The purpose of this research is to build an operational model for predicting wildfire occurrence for the contiguous United States (CONUS) in the 1–10-day range using the U-Net 3+ machine learning model. This paper illustrates the range of model performance resulting from choices made in the modeling process, such as how labels are defined for the model and how input variables are codified for the model. By combining the capabilities of the U-Net 3+ model with a neighborhood loss function, fractions skill score (FSS), we can quantify model success by predictions made both in and around the location of the original fire occurrence label. The model is trained on weather, weather-derived fuel, and topography observational inputs and labels representing fire occurrence. Observational weather, weather-derived fuel, and topography data are sourced from the gridded surface meteorological (gridMET) dataset, a daily, CONUS-wide, high-spatial-resolution dataset of surface meteorological variables.

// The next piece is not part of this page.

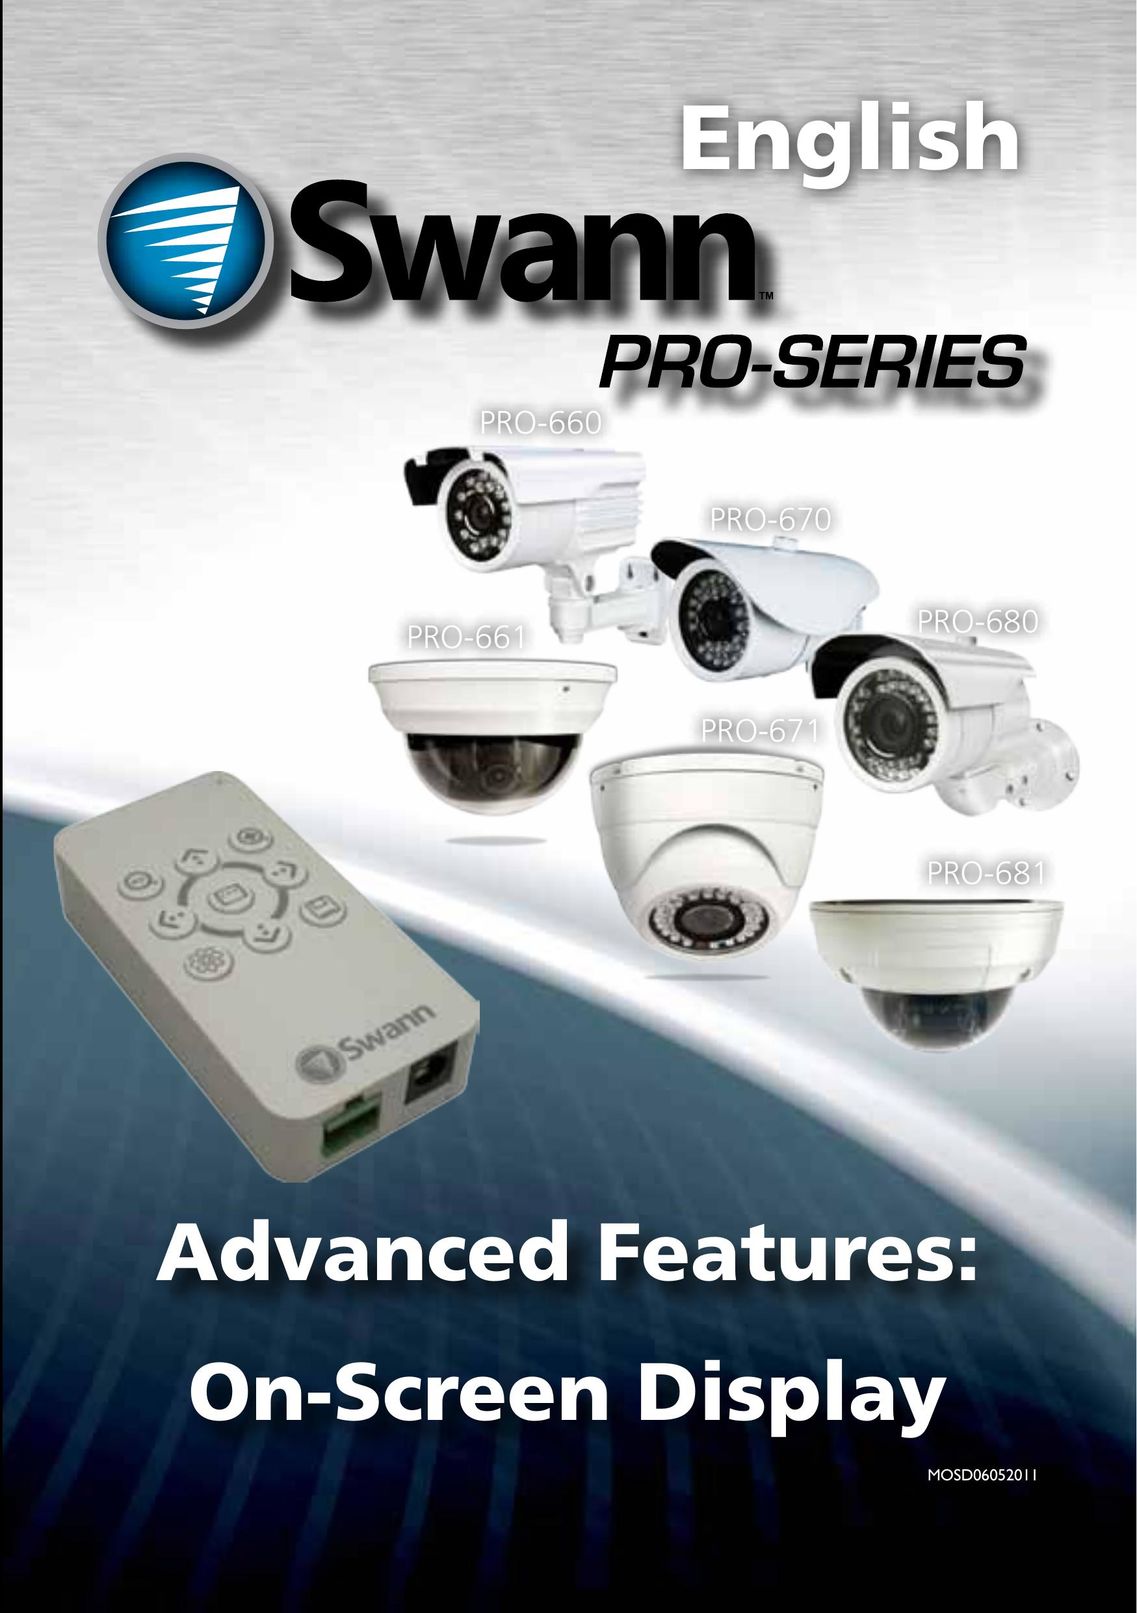 Swann PRO-671 Home Security System User Manual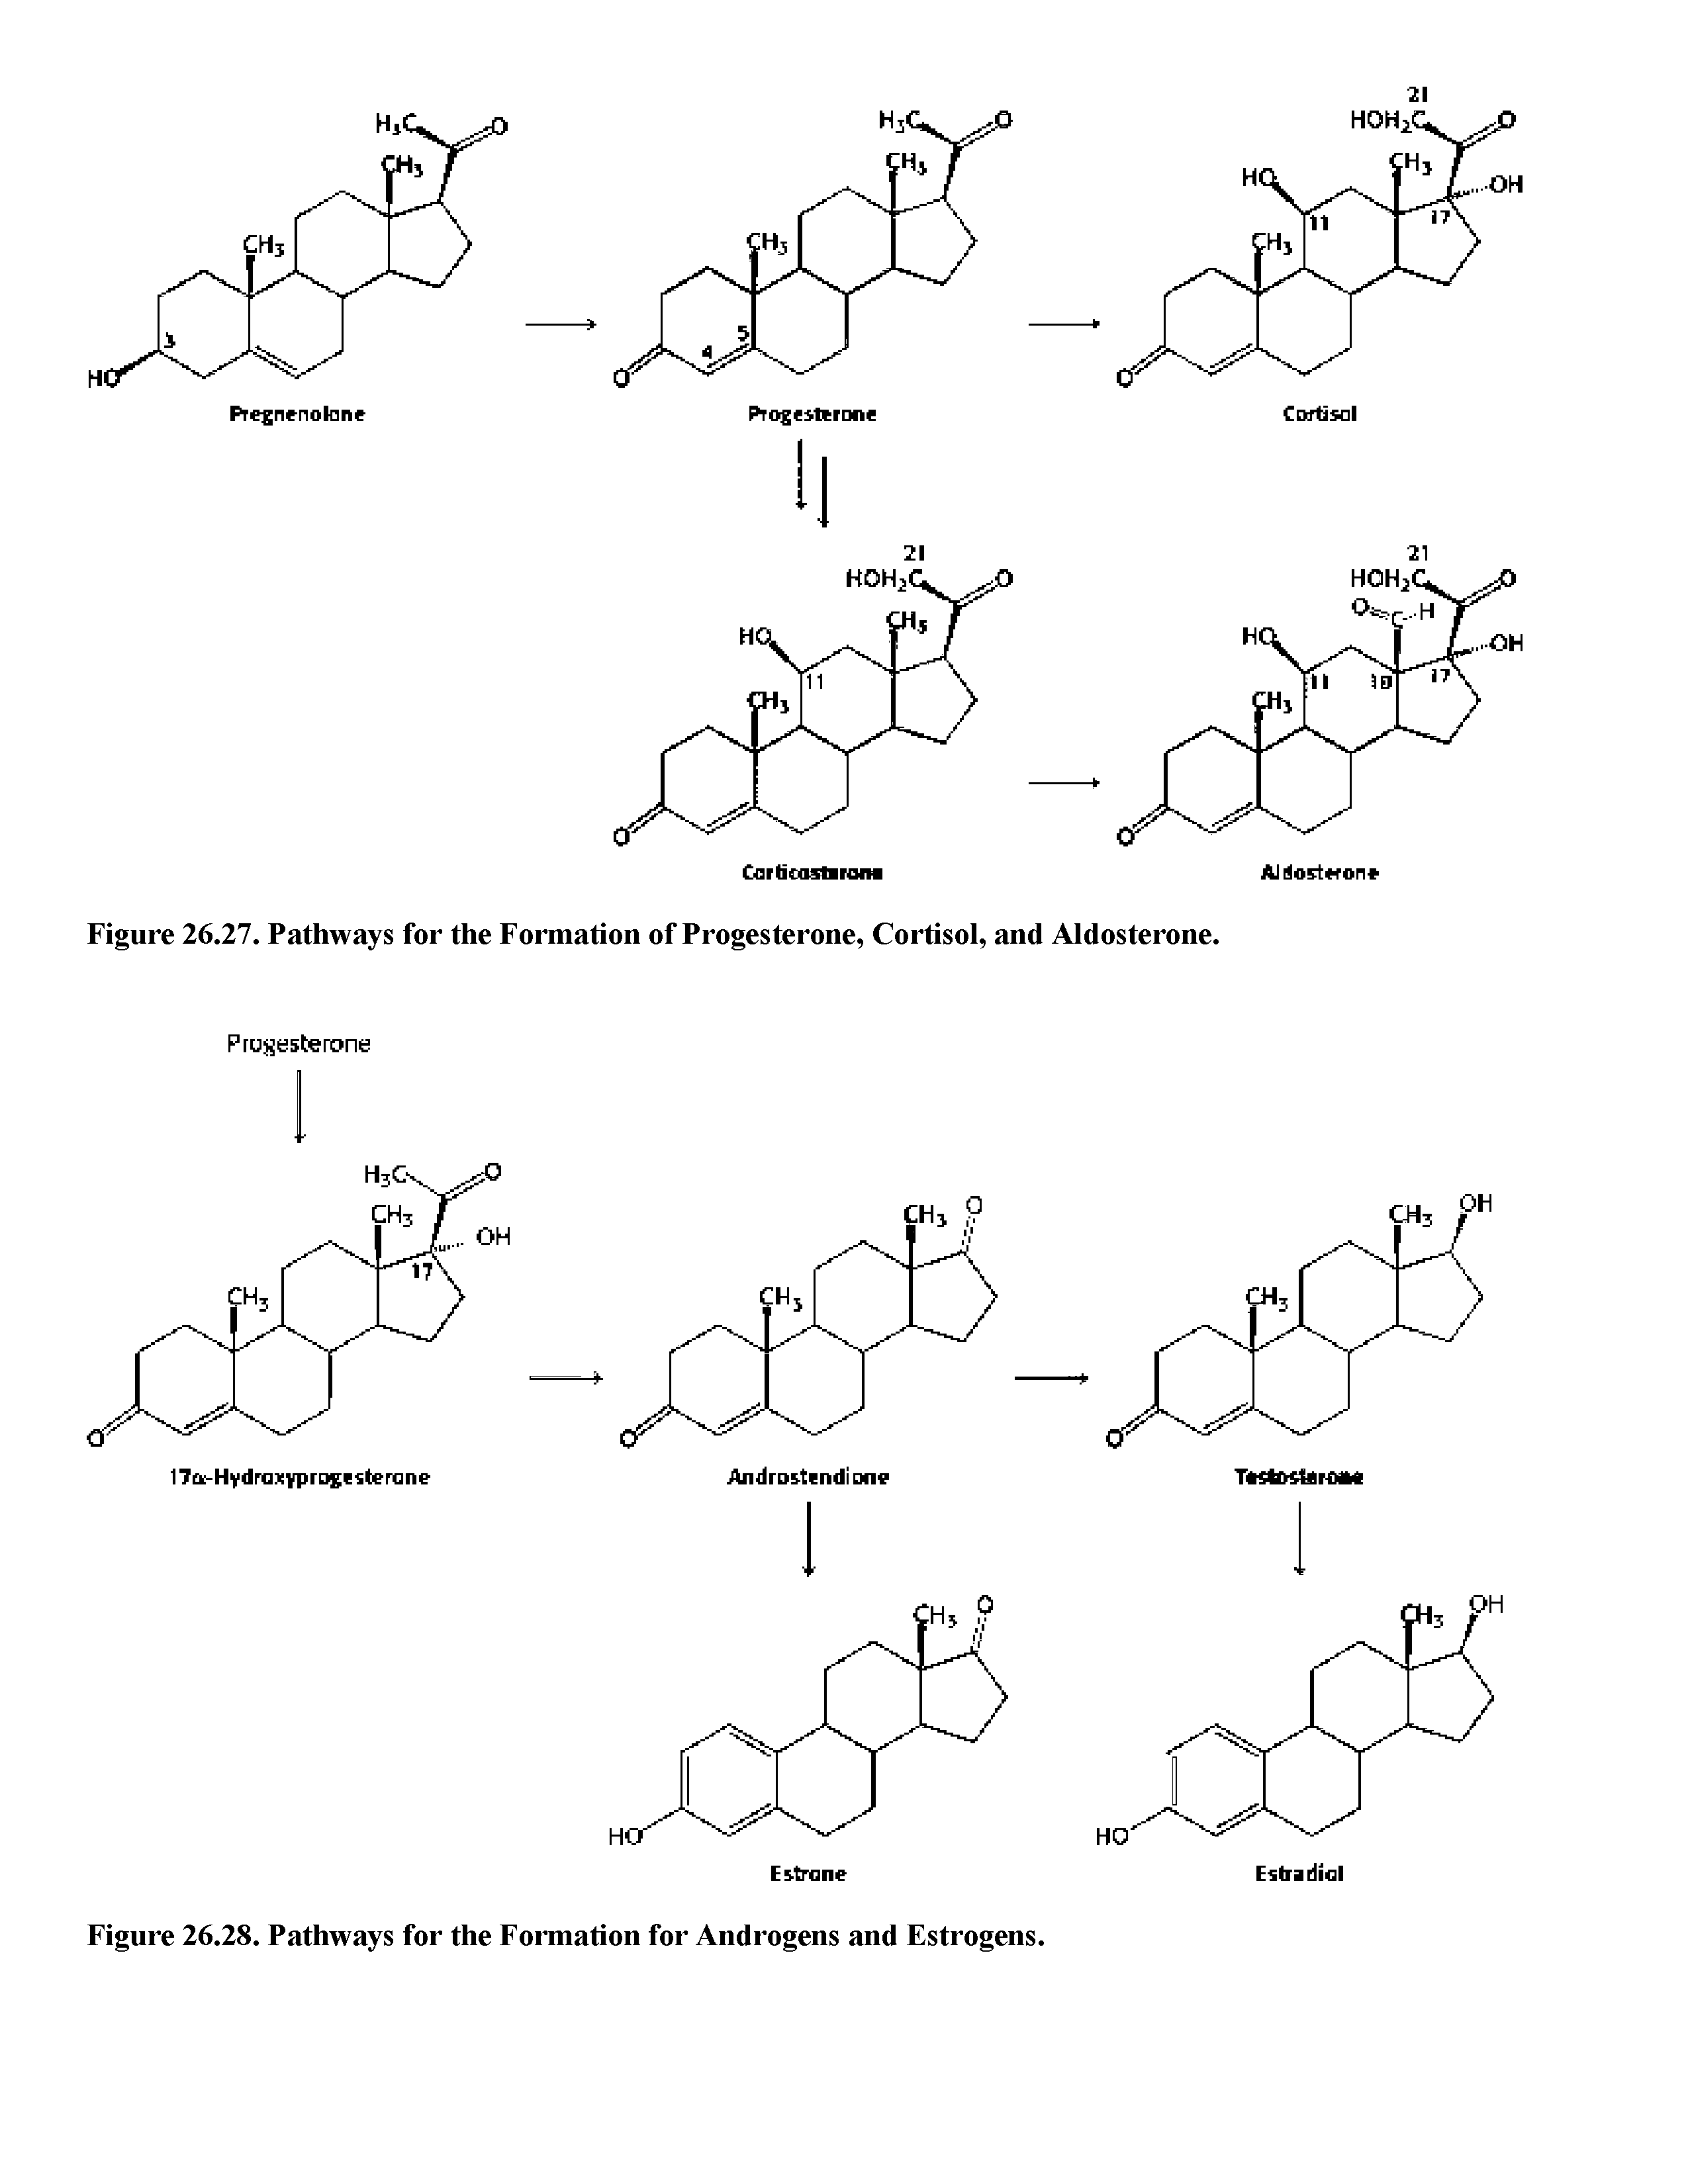 Figure 26.27. Pathways for the Formation of Progesterone, Cortisol, and Aldosterone.

Fire occurrence labels are sourced from the U.S. Department of Agriculture’s Fire Program Analysis Fire-Occurrence Database (FPA-FOD), which contains spatial wildfire occurrence data for CONUS, combining data sourced from the reporting systems of federal, state, and local organizations. By exploring the many aspects of the modeling process with the added context of model performance, this work builds understanding around the use of deep learning to predict fire occurrence in CONUS.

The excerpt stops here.